The ITF has added seven countries to its list of flags of convenience – Cameroon, Cook Islands, Palau, Sierra Leone, St Kitts and Nevis, Tanzania (Zanzibar) and Togo – which took registration fees but avoided responsibilities of flag states.
The ITF said most ship registrations in the newly added states are taken from owners with no link to the country, exploiting a loophole in international law to employ cheap labour and avoid taxes.
” What flags of convenience countries do is morally irresponsible. They all take the registration fees but do not have the will or the means to ensure the wellbeing of the seafarers who operate the vessels” – David Heindel ITF Seafarers’ Section Chair
Abandonment cases made worse.
A prominent example is ship abandonment. If a shipping company goes bust, the seafarer may find themselves trapped on board for months while legal wrangles continue.

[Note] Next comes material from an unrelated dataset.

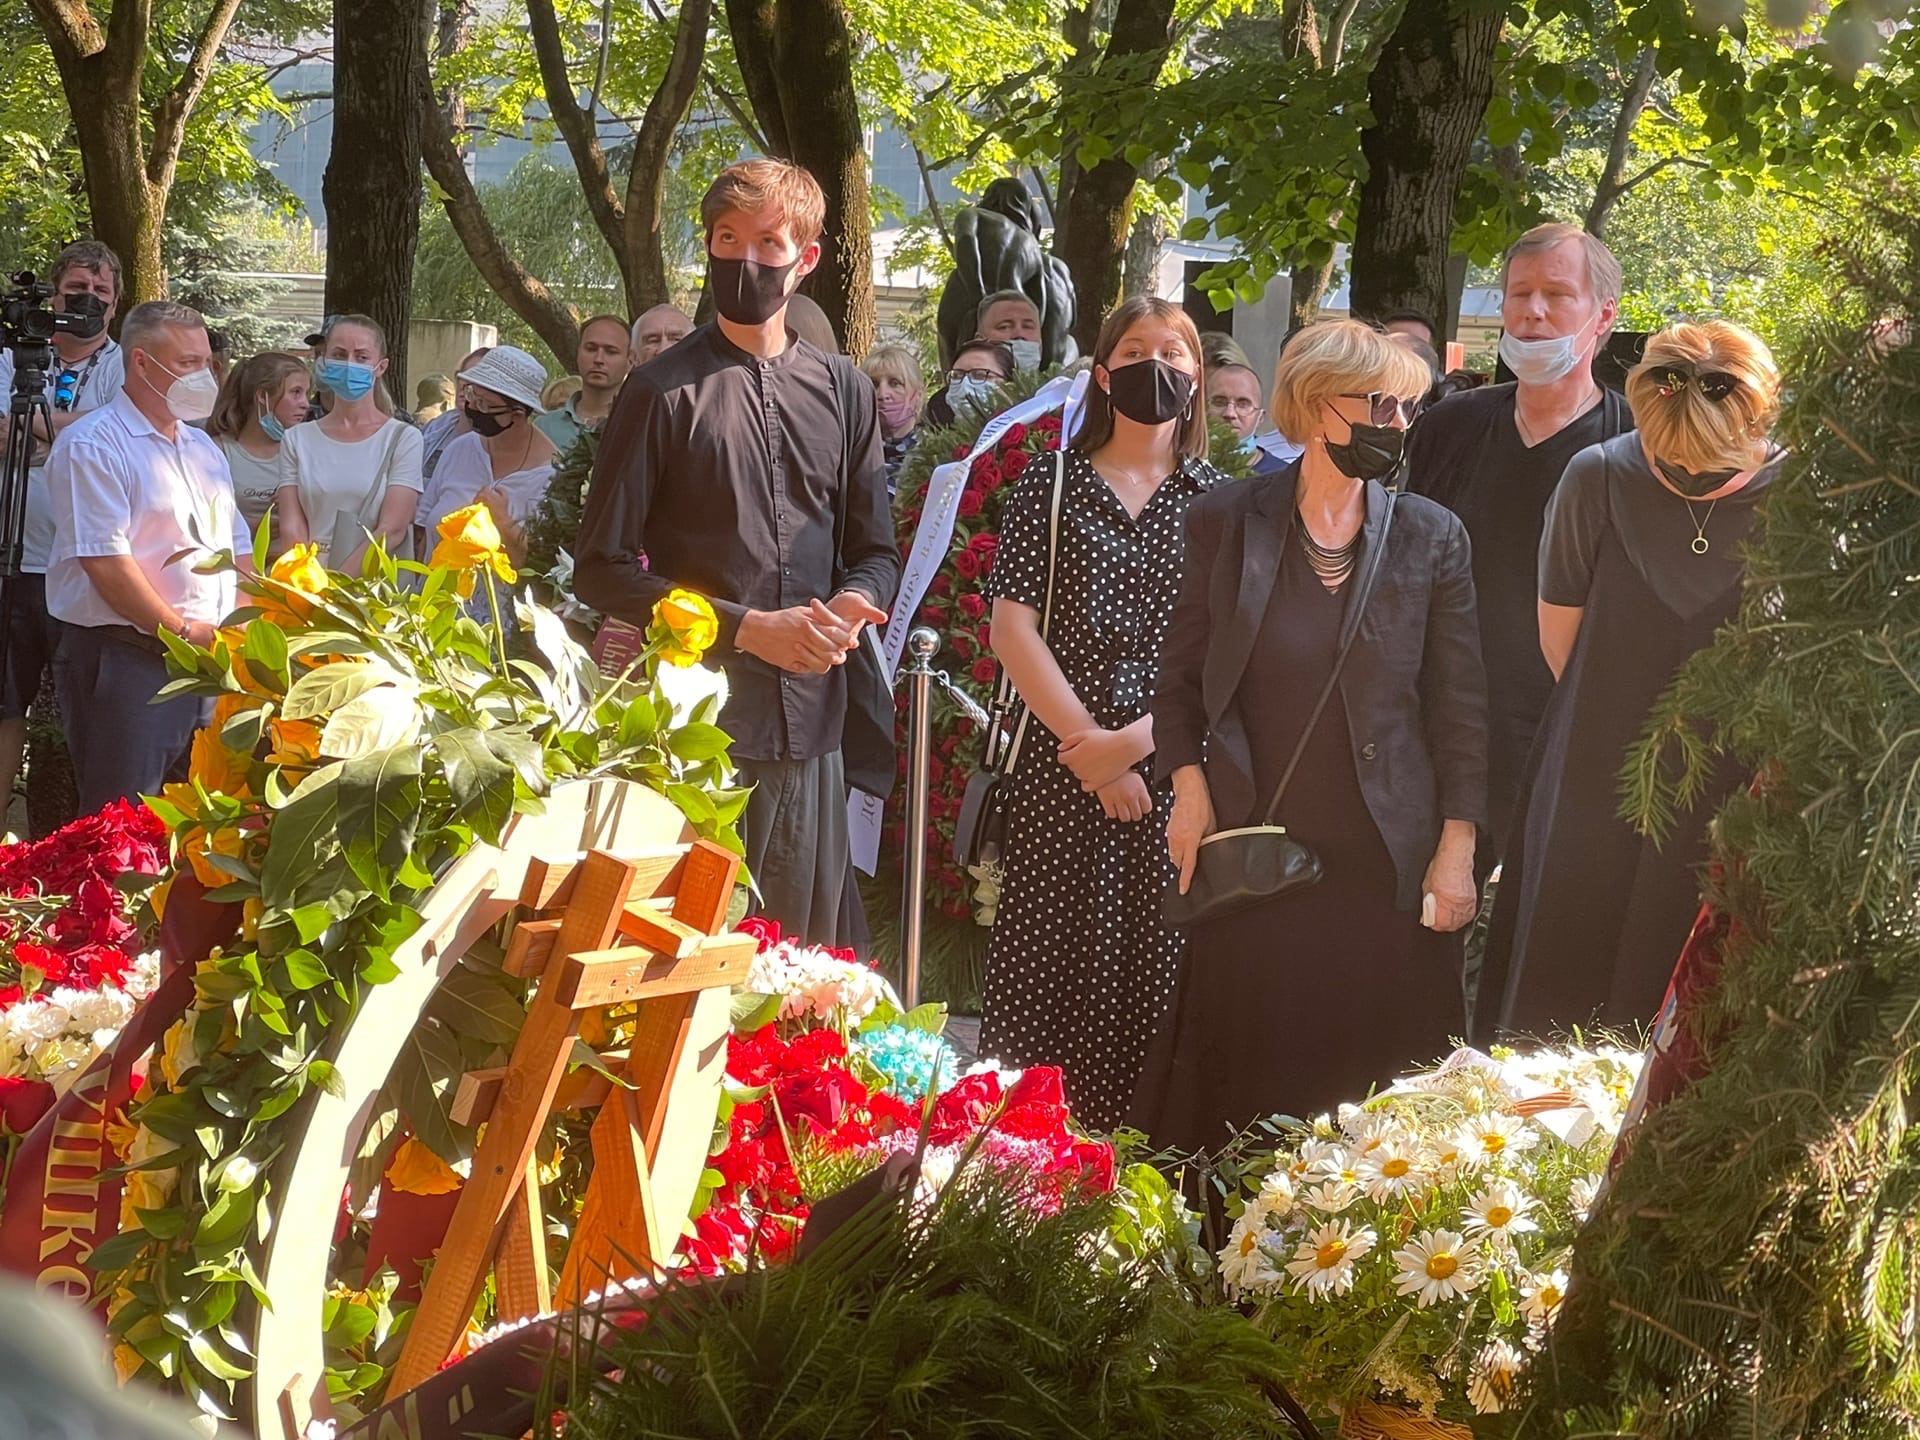 похороны марины малафеевой фото с похорон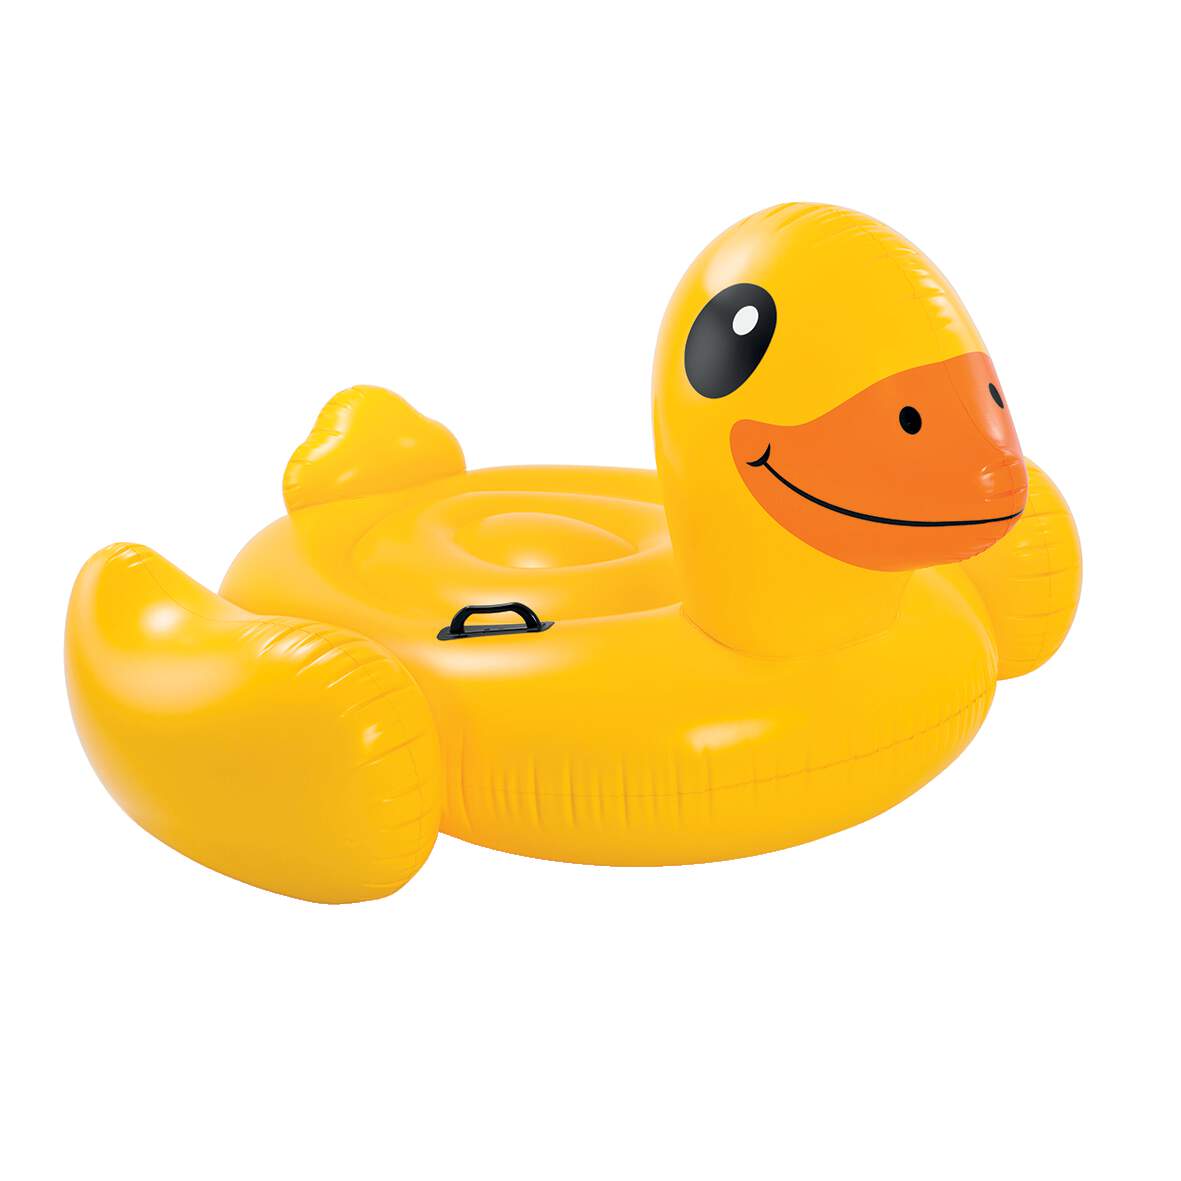 1233562 - Schwimmtier Yellow Duck Ride On 147x147x81cm

ITF coordinators, inspectors, and union contacts assist seafarers in accessing basic amenities, unpaid wages and repatriation. Still, all too often, the flags of convenience scheme gets in the way.
The United Nations Convection on the Law of the Sea (UNCLOS) stressed the need for a genuine link between ship owners and the country they register their ships. ITF agreed and noted it is hard to get ship owners and flags of convenience to adopt the genuine link principle with the vested interests involved.